LIB starts by selecting a subset of network layers to transform. Here's a bird's-eye view of what happens next:

  1. Initial Transformation Using PCA: Each layer's activations are transformed using PCA, which drops nearly-zero variance directions and whitens the activations.
  2. Refinement Using Jacobian Matrices: Next, the method computes how these activations connect to subsequent layers using Jacobian matrices. Singular value decomposition (SVD) is applied to the Jacobians to transform the activations into even more meaningful directions aligned with computationally-relevant features.

Step 2: Integrated Gradient Attributions

To quantify the importance of interactions between features, the method utilizes integrated gradients. Integrated gradients help attribute the importance of one feature to another, capturing how upstream layers influence downstream ones. This step builds a robust graph of interactions, ensuring the attributions are reliable and invariant under different implementations.

Step 3: Interaction Graph Analysis

The final step involves analyzing the resulting interaction graph to identify sparse and modular computational structures:

  • Sparse Interactions: By systematically ablating (i.e., removing) edges, the method checks how sparse the interactions really are.
  • Modularity: Using algorithms like the Leiden algorithm, the method identifies clusters or modules in the interaction graph. These modules potentially represent distinct computational circuits within the network.

Evaluating LIB: Examples and Results

The paper applies LIB to several models: a modular addition task transformer, a CIFAR-10 model, and two LLMs (GPT2-small and Tinystories-1M).
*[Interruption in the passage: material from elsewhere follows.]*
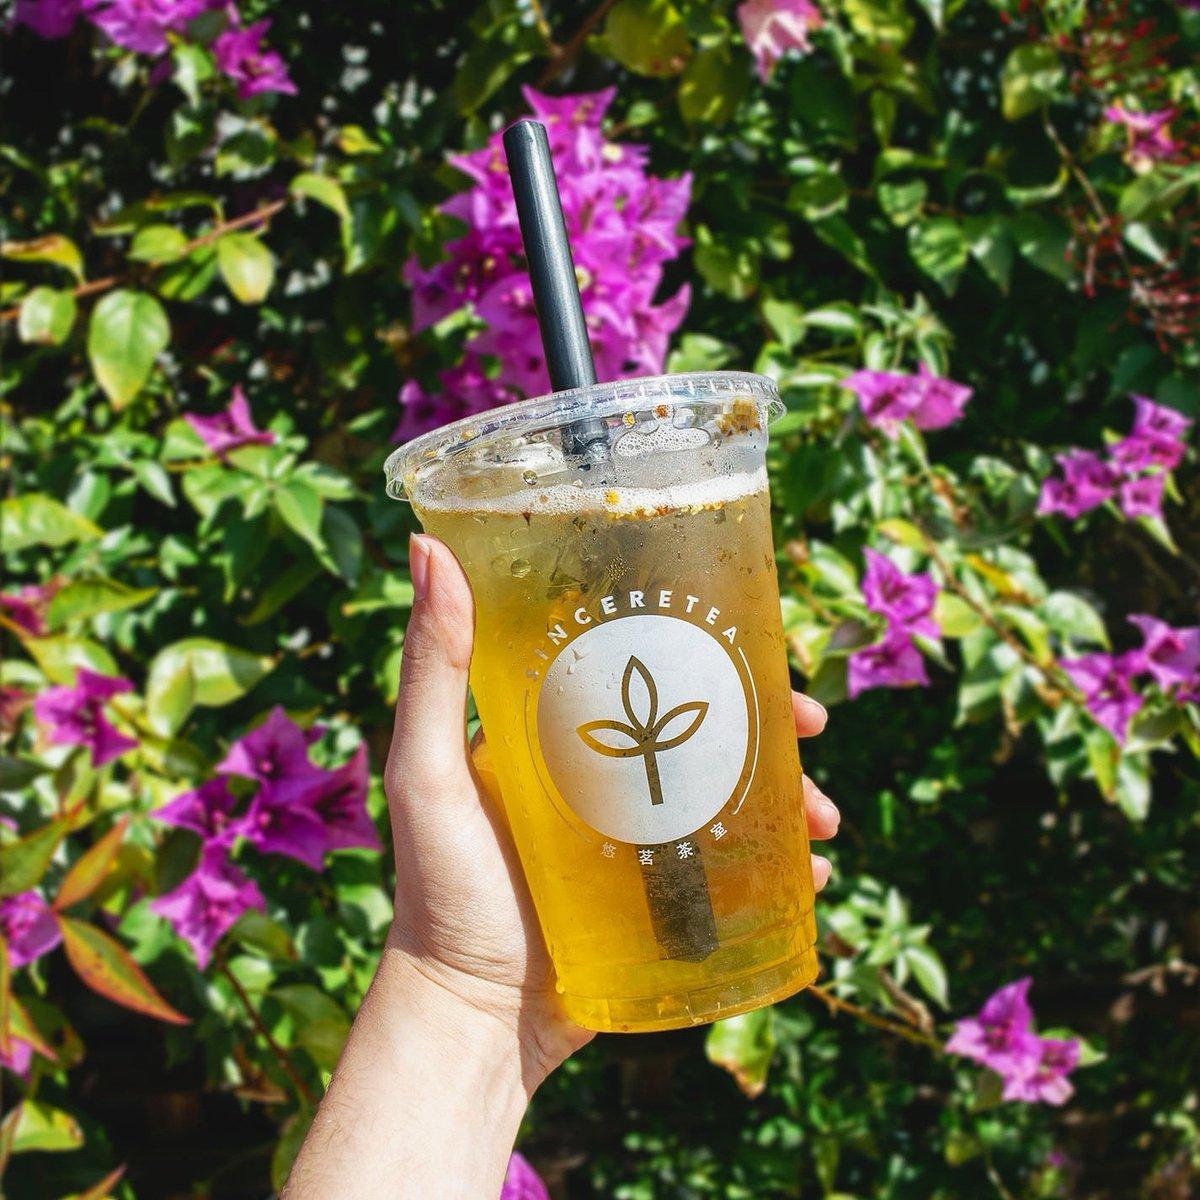 Sunbathe with a Osmanthus Lychee tea in your hand.  . . #tea #yellow #happinessinacup #sunshine #spring #march #fruit #teaaddict #teashop #milktea #boba #bobamilktea #pretty #osmanthus #lychee #refreshing #floral #sinceretea #specialtea #downtownsj #downtownwalnutcreekpic.twitter.com/cXeDbQE7rG

Modular Addition Transformer

LIB outperformed PCA in several respects on this toy task:

  • Functional Relevance: LIB excluded irrelevant features better than PCA.
  • Sparsity: Computations in the LIB basis were more sparsely interacting compared to the PCA basis, particularly in the attention layers.
  • Modularity: The method successfully identified distinct computational modules.

CIFAR-10 Model

On a CIFAR-10 model:

  • Sparsity: LIB interactions were considerably sparser than PCA interactions.
  • Isolating Features: LIB isolated specific features, like an “animal vs. vehicle” feature, more effectively than PCA.

LLMs

Results were mixed for LLMs:

  • Positional Features: LIB captured positional features well, but so did PCA.
  • Sparsity: LIB did produce sparser interactions in certain layers compared to PCA. However, the gains were mainly marginal and noisy.
  • Interpretability: Neither LIB nor PCA produced highly interpretable features.

Implications and Future Directions

While LIB showed promise for simpler models, it didn't substantially advance interpretability for complex LLMs. This suggests that future directions could involve:

  • Generalizing to Overcomplete Bases: Allowing for the possibility of features represented in superposition.
  • Finer-Grained Techniques for LLMs: Exploring methods beyond linear transformations and singular value analysis to capture more intricate relationships.

In conclusion, while the LIB method provides a new and promising approach for interpreting neural networks, especially simpler models, its application to LLMs needs further refinement. This work lays the groundwork for understanding and disentangling the complex features hidden within neural networks, pointing to a future where AI interpretability becomes more practical and tangible.